Certainly not arguing with anything anyone has to say about drought, but it's a bit more complicated than graphs and charts. 

If one is looking to raise row crops for a living, maybe not, but for feeding one's family, thousands of folks west of the Pecos get along fine on 10" of rain per year or less. It's just a different ballgame. Our aquifers are kept healthy by snowfall in the mountains, so large farms and ranches with historical water irrigation rights grow hay, corn, cotton, etc. Those water rights are grandfathered to their current owners, but household wells can irrigate up to 5 acres, which is plenty to feed a family.

We are not "big gardeners", so just the grey water from two rather self indulgent morning showers is enough to keep our "maters and tarters" growing. I have friends who hardly buy any food at all, but grow it themselves with water pumped with a solar setup.

I used to get a stock tank that held about 650,000 gallons filled each monsoon season, but didn't use it for anything, so I pushed out the dam almost all the way down so that the good dirt in the bottom gets soaked with each rain and now it fills up with some great feed each year.

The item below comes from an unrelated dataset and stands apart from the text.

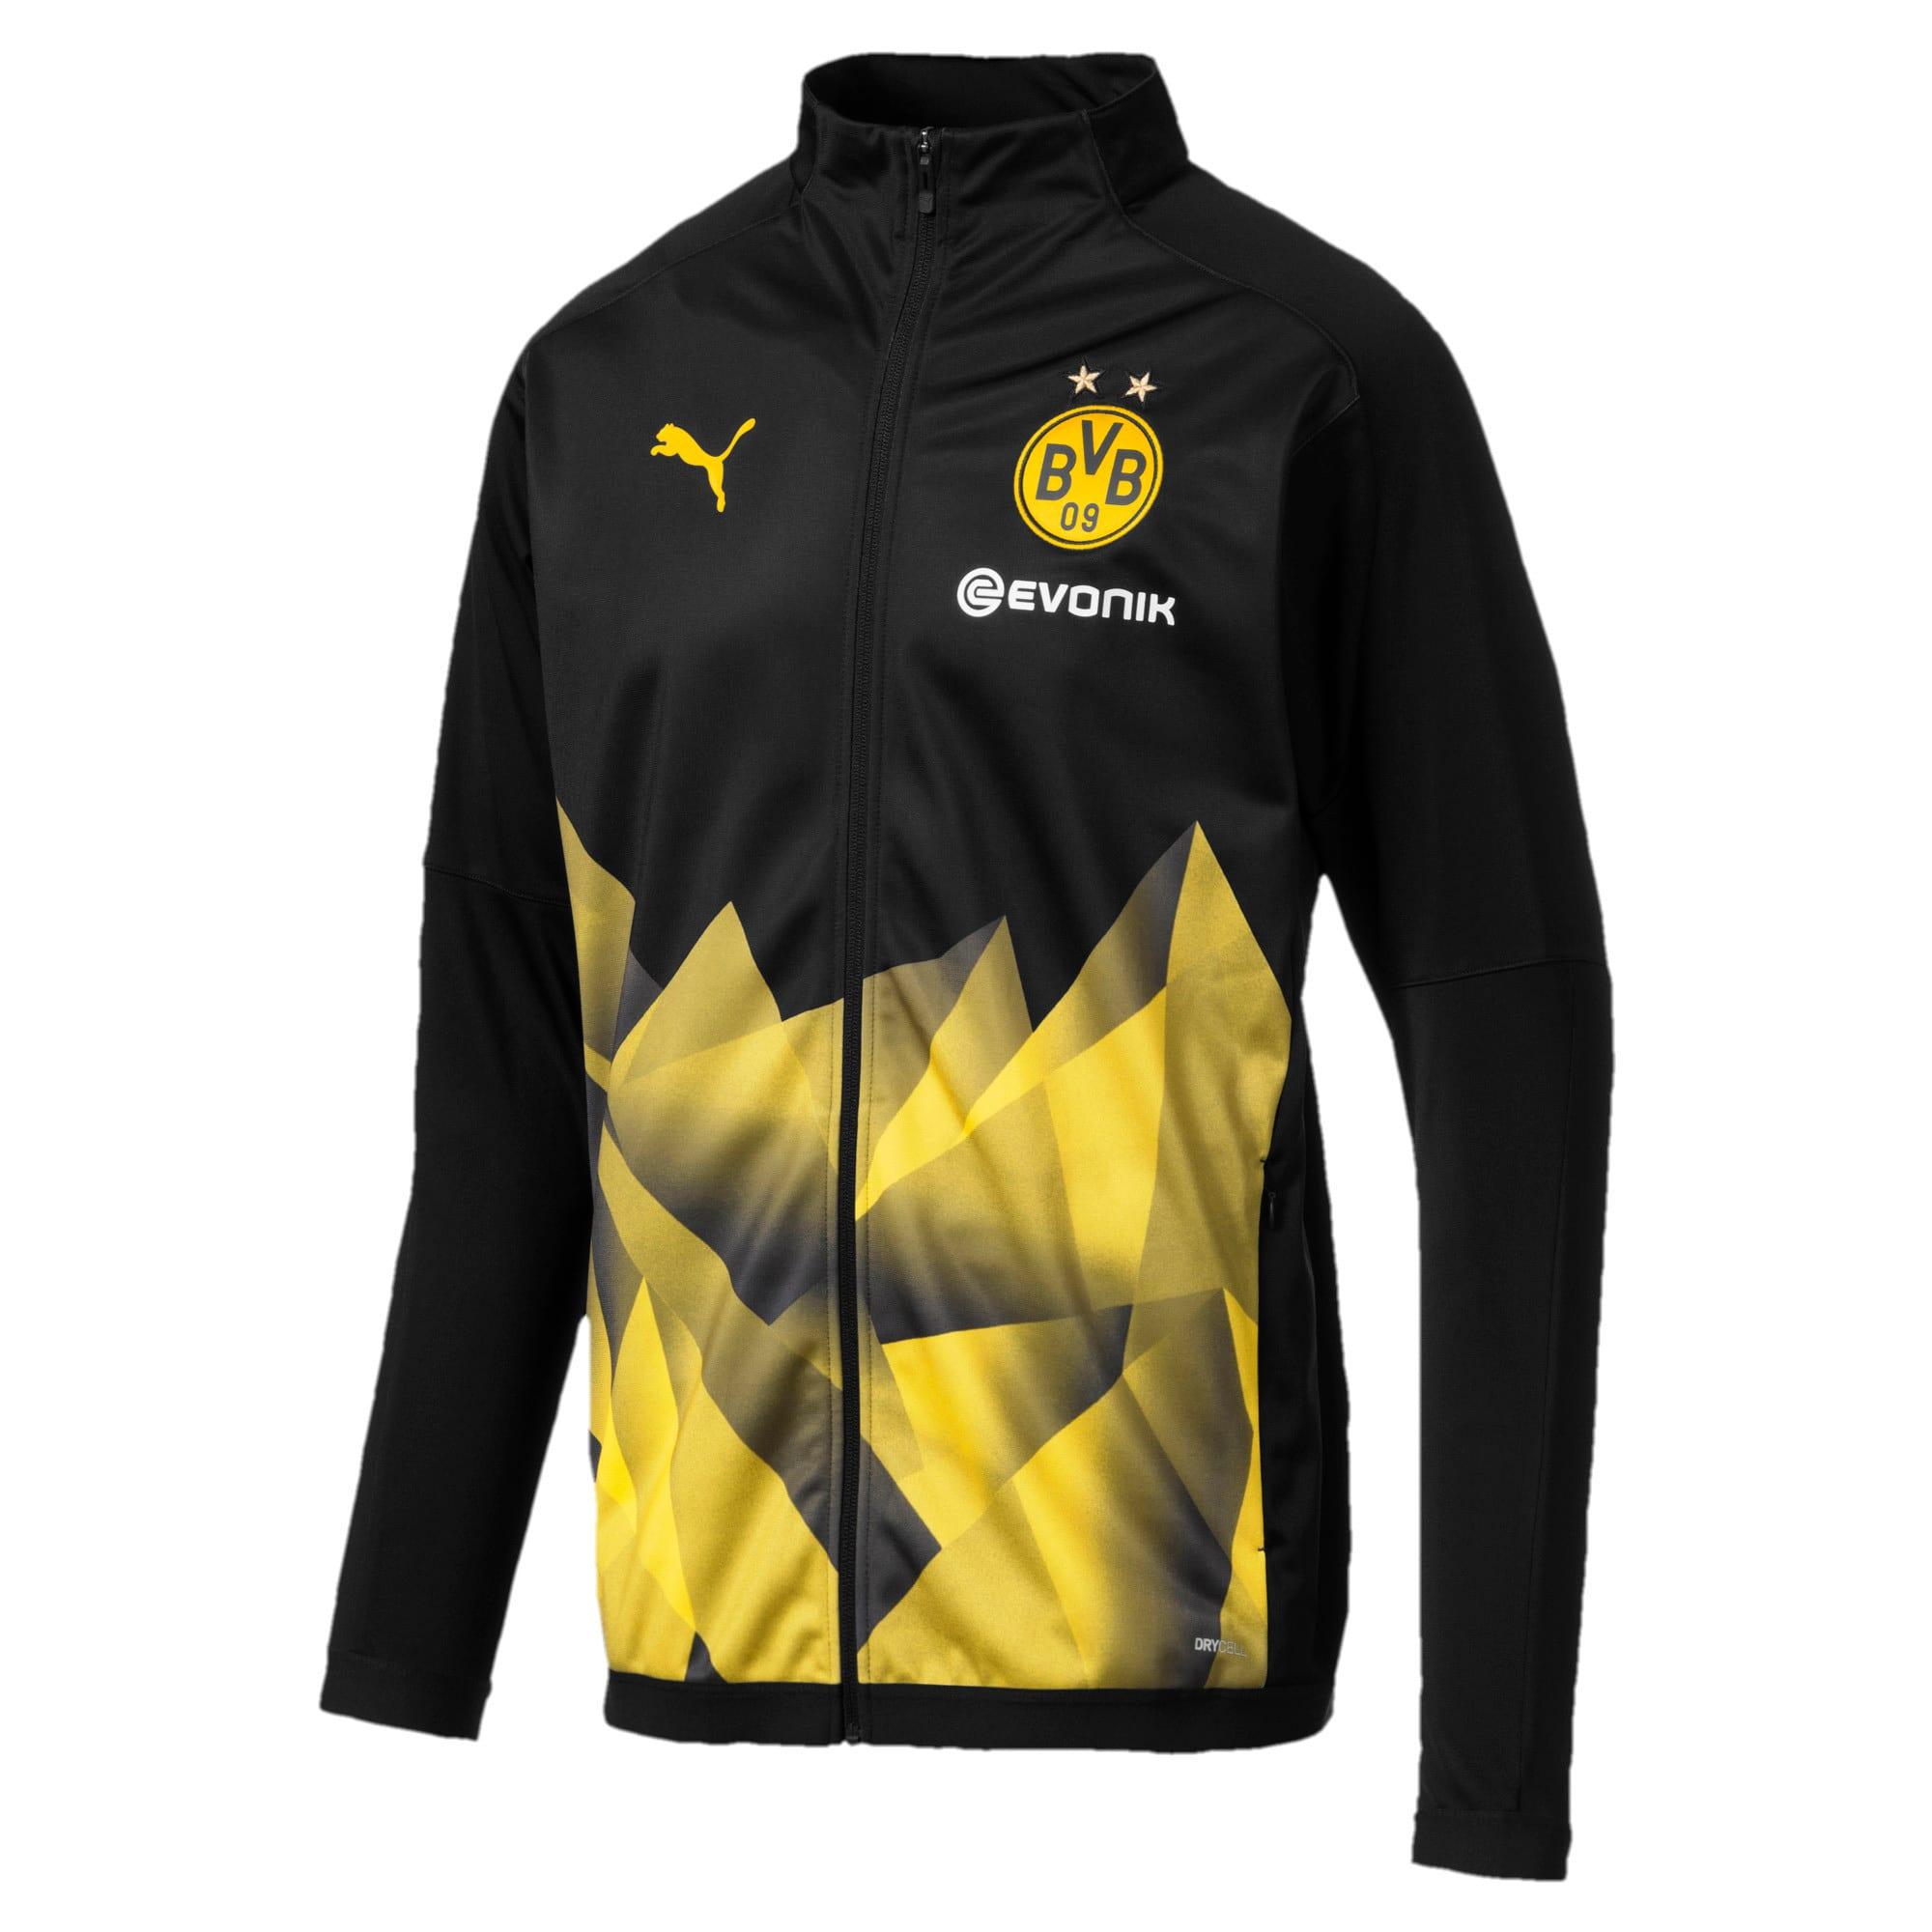 Thumbnail 1 of BVB Men's International Stadium Jacket, Puma Black-Cyber Yellow, medium

Once again, not arguing with anybody, but this place was real cheap when we bought it 14 years ago, because with the low rainfall in the desert, lots of people thought you couldn't do anything here. Need to check on the aquifer and population and many other factors, not just the rainfall, or you may miss a good deal on a nice place. Calculate the rainfall on your acreage, convert to gallons, look at all the country around you that nobody is using the water for anything...You might get a surprise ...Joe


----------



## sisterpine (May 9, 2004)

The first time I had a choice I moved for human love, the second time I had a choice I moved for beautiful country. This time I have a choice and I moved to a place where food production was easier. We all have our criteria- it seems to change with seasons of our lives. Just live someplace that makes you happy and you will do well.


----------



## ChristieAcres (Apr 11, 2009)

joebill said:


> Certainly not arguing with anything anyone has to say about drought, but it's a bit more complicated than graphs and charts.
> 
> If one is looking to raise row crops for a living, maybe not, but for feeding one's family, thousands of folks west of the Pecos get along fine on 10" of rain per year or less. It's just a different ballgame. Our aquifers are kept healthy by snowfall in the mountains, so large farms and ranches with historical water irrigation rights grow hay, corn, cotton, etc. Those water rights are grandfathered to their current owners, but household wells can irrigate up to 5 acres, which is plenty to feed a family.
> 
> ...


Good post! We felt more comfortable, considering a SHTF scenario to have both, plenty of rainfall, and a very dependable high output well. However, one can find great deals in slightly challenging areas as you said.


----------